Chapter 2 gives an overview of the literature review related to the speech emotion recognition. The chapter describes different aspects; among them are speech signal properties, emotion models, SER structure system which included the block diagram of SER system, types of database, then the feature extraction methods and lastly is the classification schemes used in emotion recognition.

Chapter 3 is devoted to the methodology of developing the SER system in this research. Flow charts for feature extraction and classification techniques that designed in this research are explained in this chapter. Furthermore, possible prosodic correlates of emotions in speech that can be extracted such as pitch and energy and feature vectors are described in details.

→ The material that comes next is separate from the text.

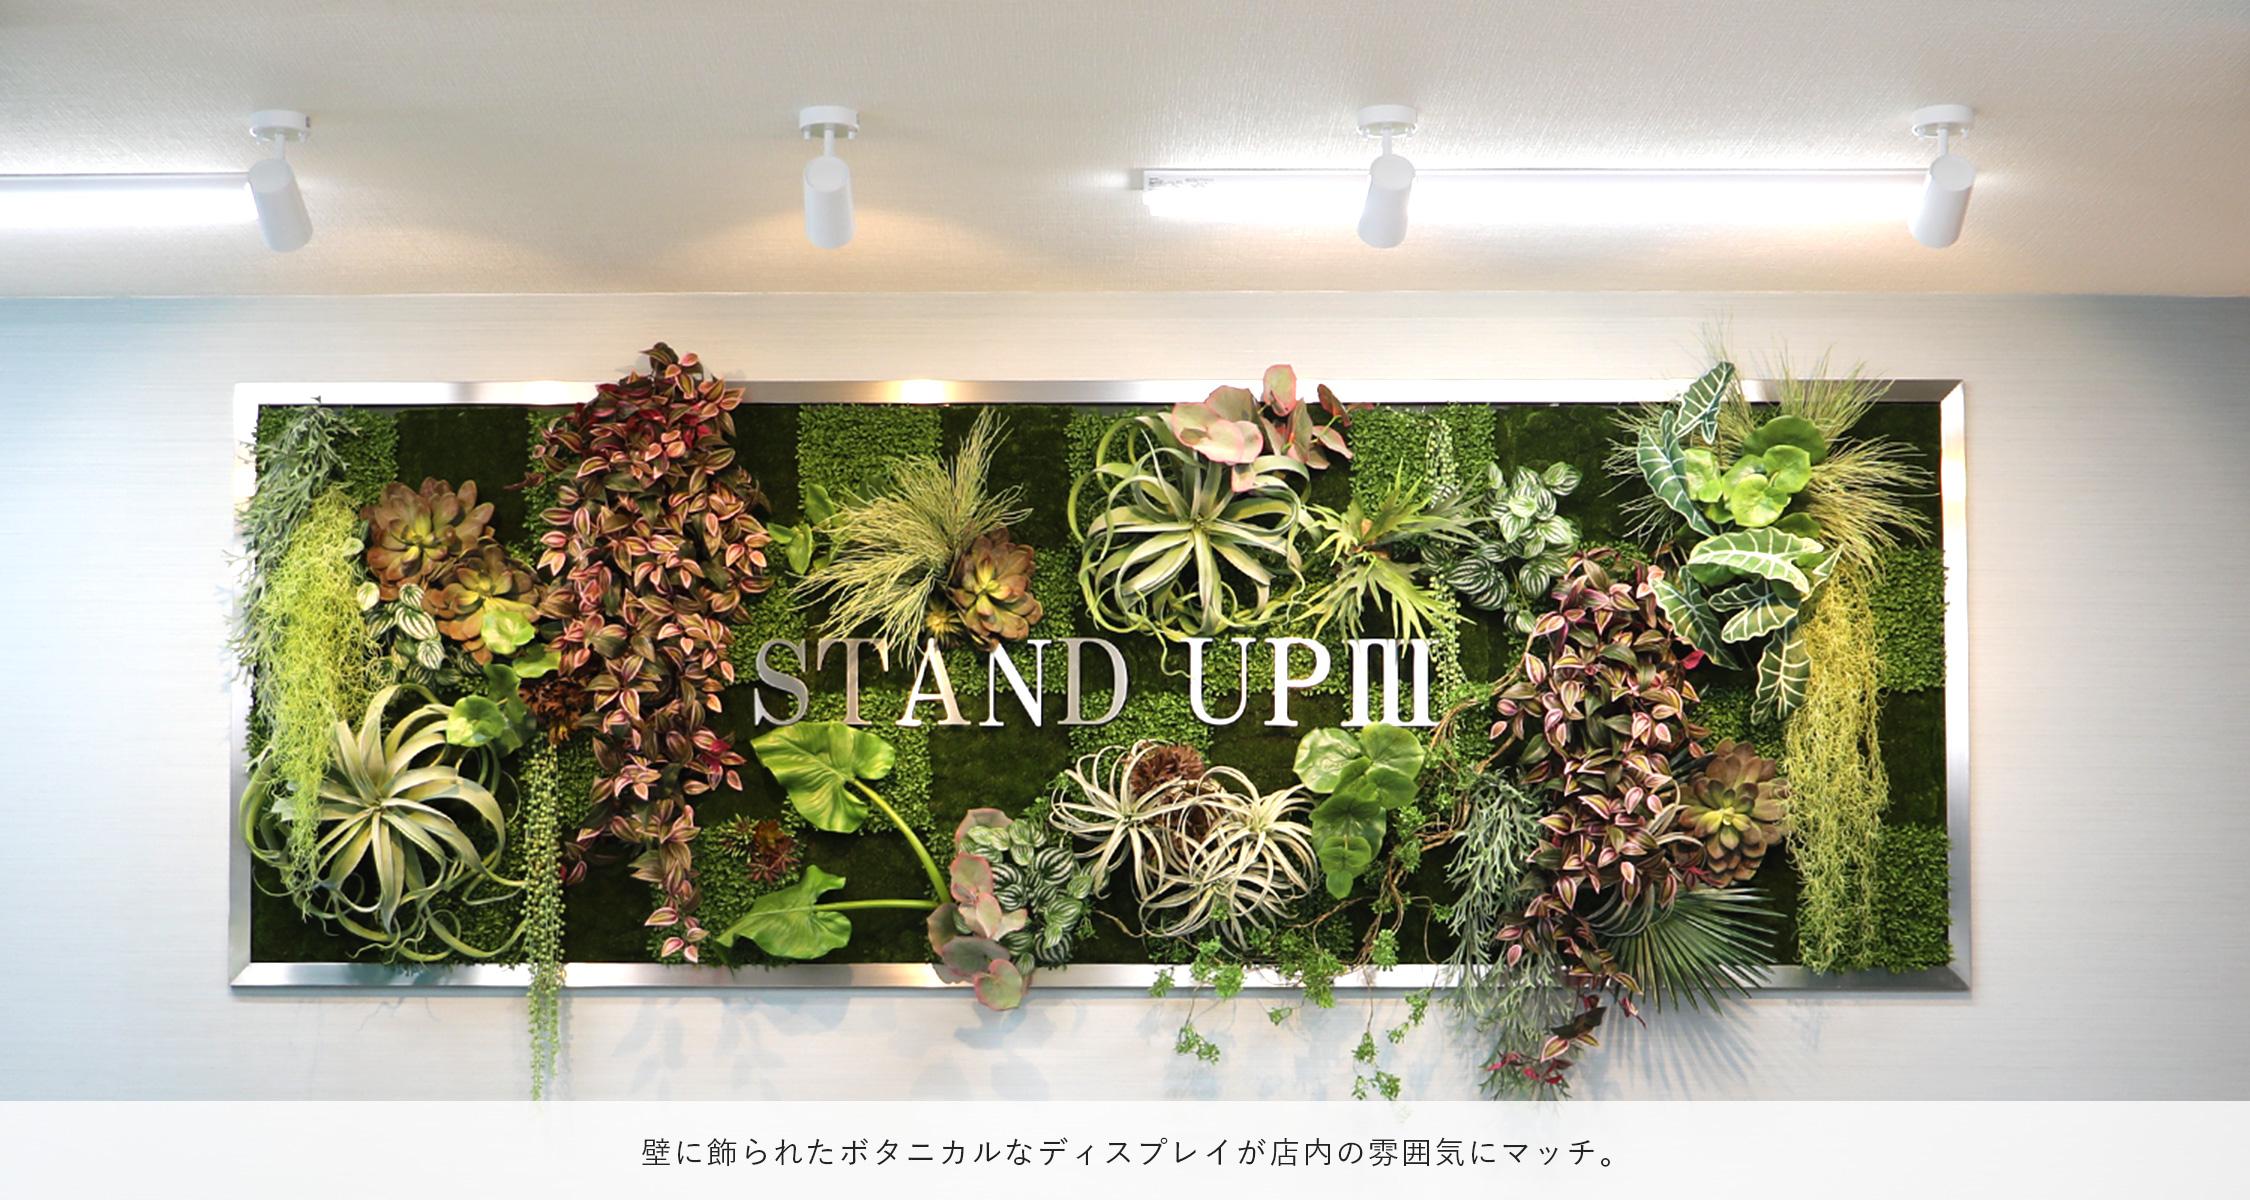 壁に飾られたボタニカルなディスプレイが店内の雰囲気にマッチ。

Chapter 4 gives the detailed analysis of the experimental results and comparison of the results obtained with the existing projects. Lastly, chapter 5 gives the achievement of this project, discusses the project’s market potential and the future improvements.


(4)

CHAPTER 2

LITERATURE REVIEW

This chapter is organized in four sections. Speech is the most fundamental communication tools in human life and has its own properties. In the beginning of this chapter, the basic properties of the speech are discussed. A precise idea of what emotions are is essential in order to recognize the emotions. Hence, a short brief of two-dimensional emotion model is covered in this chapter. After that, a general structure of the speech emotion recognition (SER) system is presented and every stage in designing the SER system such as speech emotional database, feature extraction and feature classification are discussed.


(5)

2.1 Speech signal

Speech is the primary approach to communicate with each other and the voice capability allows people to interact and exchange ideas. Speech recognition has developed as a recent research area in Human-Machine Interaction. Speech signal acts as the input to the speech recognition. According to Nyquist theorem, a continuous signal can be sampled without loss of information if only the components of frequency contained in the signal less than one half of the sampling rate. For example, human ears only used the frequency which is less than 8000 Hz for perception of speech, so it only requires 16 kHz of sampling rate for most speech processing purposes.

A good knowledge of basic properties of the speech signal is essential in the development of speech recognition system. One of the speech properties is that it will slowly varying over a short period of time and remain stationary over a long period of time. As the speaker usually takes some time to speak the word when recording starts, the beginning of the speech signal recording is corresponding to silence or background noise. These properties of the speech signal are showed in Figure 2.1.


(6)

2.2 Emotions

‘Palette theory’ [3] states that any emotion can be decomposed into its primary emotions as the way that any colour is formed from primary colour. The basic emotions are happy, fear, sad, anger, disgust, surprise and neutral. Figure 2.2 shows the model of emotions in two-dimensional with valence axis, which is from negative to positive, and arousal axis, which is usually from high to low. For example, from the Figure 2.2, happy is an affective state with moderate arousal and high valence level whereas sad is characterized by low arousal and negative valence.